I read Angels and Demons years ago before the Da Vinci Code came out and like most everyone else, I thought it was an excellent book. I never read the Da Vinci Code so I can't compare it. It became too popular before I had a chance to read it and I'm weird like that. I've also never read Harry Potter.


----------



## safara duff (Apr 17, 2008)

For me Angels and Demons was one of the intelligent novel I've ever read. I admire Dan Brown for having a creative mind. He has the power to make every scenes as if it was really happen in real life.


----------



## Damian_Rucci (May 21, 2008)

Looks like I better check this one out!


----------



## Dan (Sep 4, 2008)

I have no idea how anyone can think Dan Brown's works are entertaining, clever, suspenseful, original, written well, or realistic in the slightest. I honestly don't.

I'm a popular fiction kind of reader, but his stuff is abysmal. And yes, I've read _The DaVinci Code, Angels and Demons, _and_ Digital Fortress_, so it's not like I read two chapters and just gave up.


----------



## Akumu (Sep 8, 2008)

"The DaVinci Code" is like reading an Idiot's Guide to "Holy Blood, Holy Grail".

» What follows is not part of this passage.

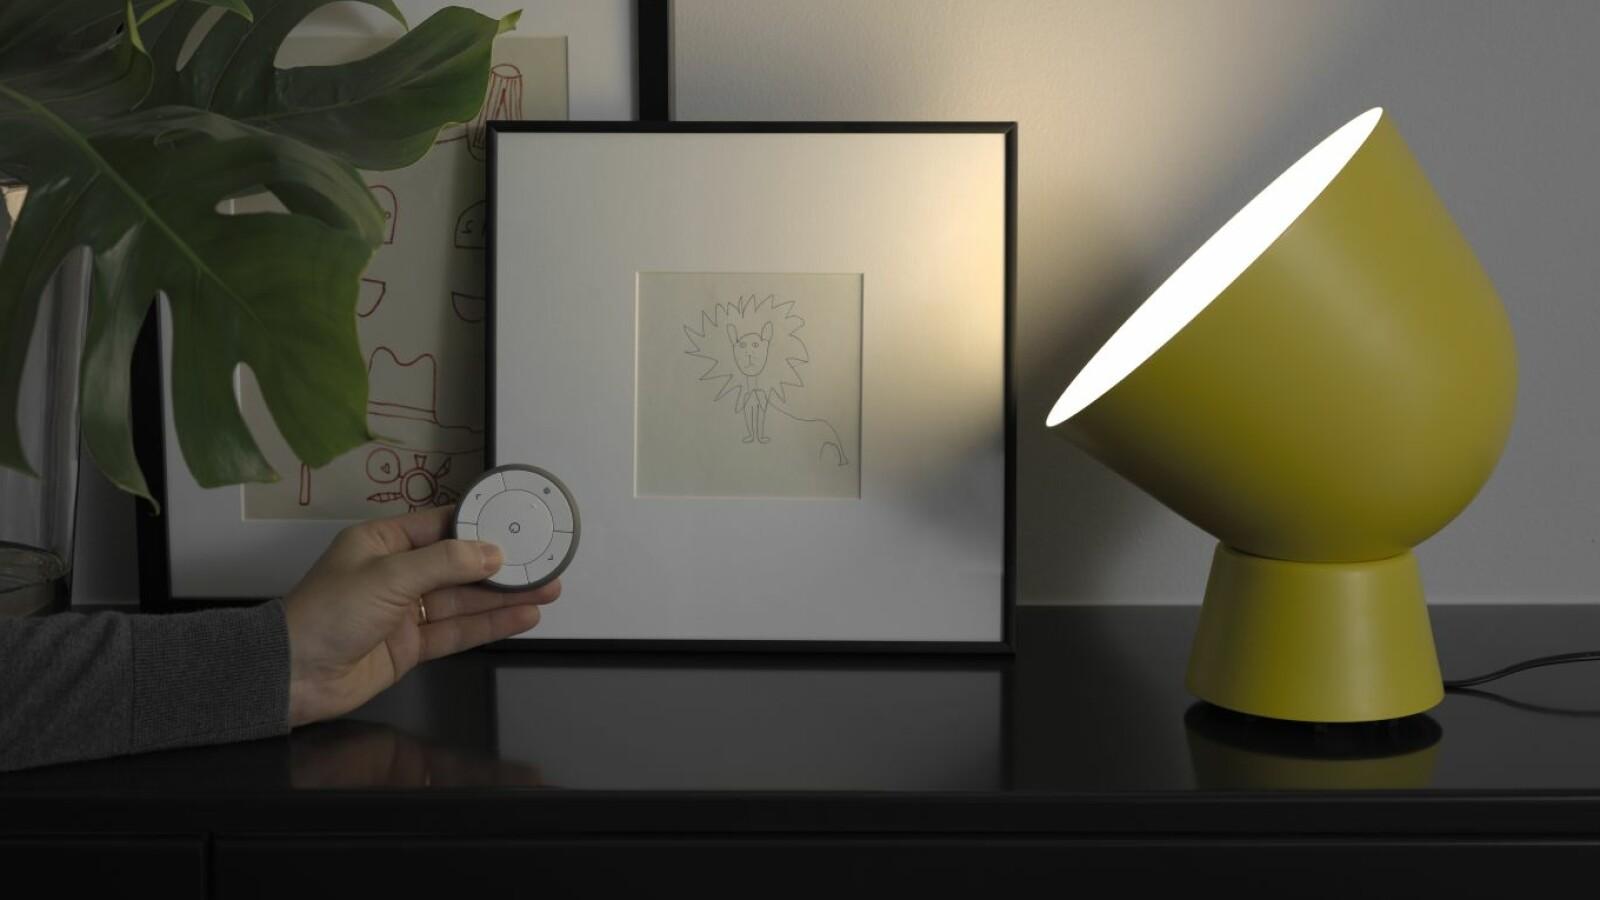 tradfri spricht mit siri und alexa ikea lampen werden. Black Bedroom Furniture Sets. Home Design Ideas

"Angels & Demons" is original and yet after reading it, you conclude it is idiotic nonetheless. The style has all the intricacies of Danielle Steele or a Wall-Mart catalogue.

Mr. Brown should drop the pen and pick up a shovel.


----------



## Sam (Sep 8, 2008)

Akumu said:


> "The DaVinci Code" is like reading an Idiot's Guide to "Holy Blood, Holy Grail".
> 
> "Angels & Demons" is original and yet after reading it, you conclude it is idiotic nonetheless. The style has all the intricacies of Danielle Steele or a Wall-Mart catalogue.
> 
> Mr. Brown should drop the pen and pick up a shovel.



Yeah? Tell that to the millions and millions of pounds he's made from the Da Vinci code.


----------



## Akumu (Sep 8, 2008)

I really don't see how financial validation is in any way indicative of artistic value.

Would that mean J.K. Rowling is an objectively better author than James Joyce?


----------



## Sam (Sep 8, 2008)

You said he should put his pen down and pick up a shovel. Millions of pounds in the bank and a legion of followers who buy anything he writes tells you otherwise. 

He's not the best writer in the world. He is a very _smart_ writer, however, because he wrote a book that appealed to most of the world.


----------



## Akumu (Sep 9, 2008)

lol. He should drop the pen for literature's sake, not his own. I'm neither Mr. Brown, his mother, nor his agent, so I find his bank account to be a perfectly immaterial argument in the debate about whether or not he should resume writing.


----------



## Sam (Sep 9, 2008)

Considering that the Da Vinci Code has been translated into almost every language in the world, and the fact that his first books sold more after he'd written it, I would be inclined to think that someone thinks he is a marketable writer. After all, it's not about how well you write the book that helps you sell it, it's how well you market it. 

He's not the best writer. Neither is JK Rowling. Both of them, however, are laughing all the way to the bank. 

PS: I thought Angels and Demons was a very good book.


----------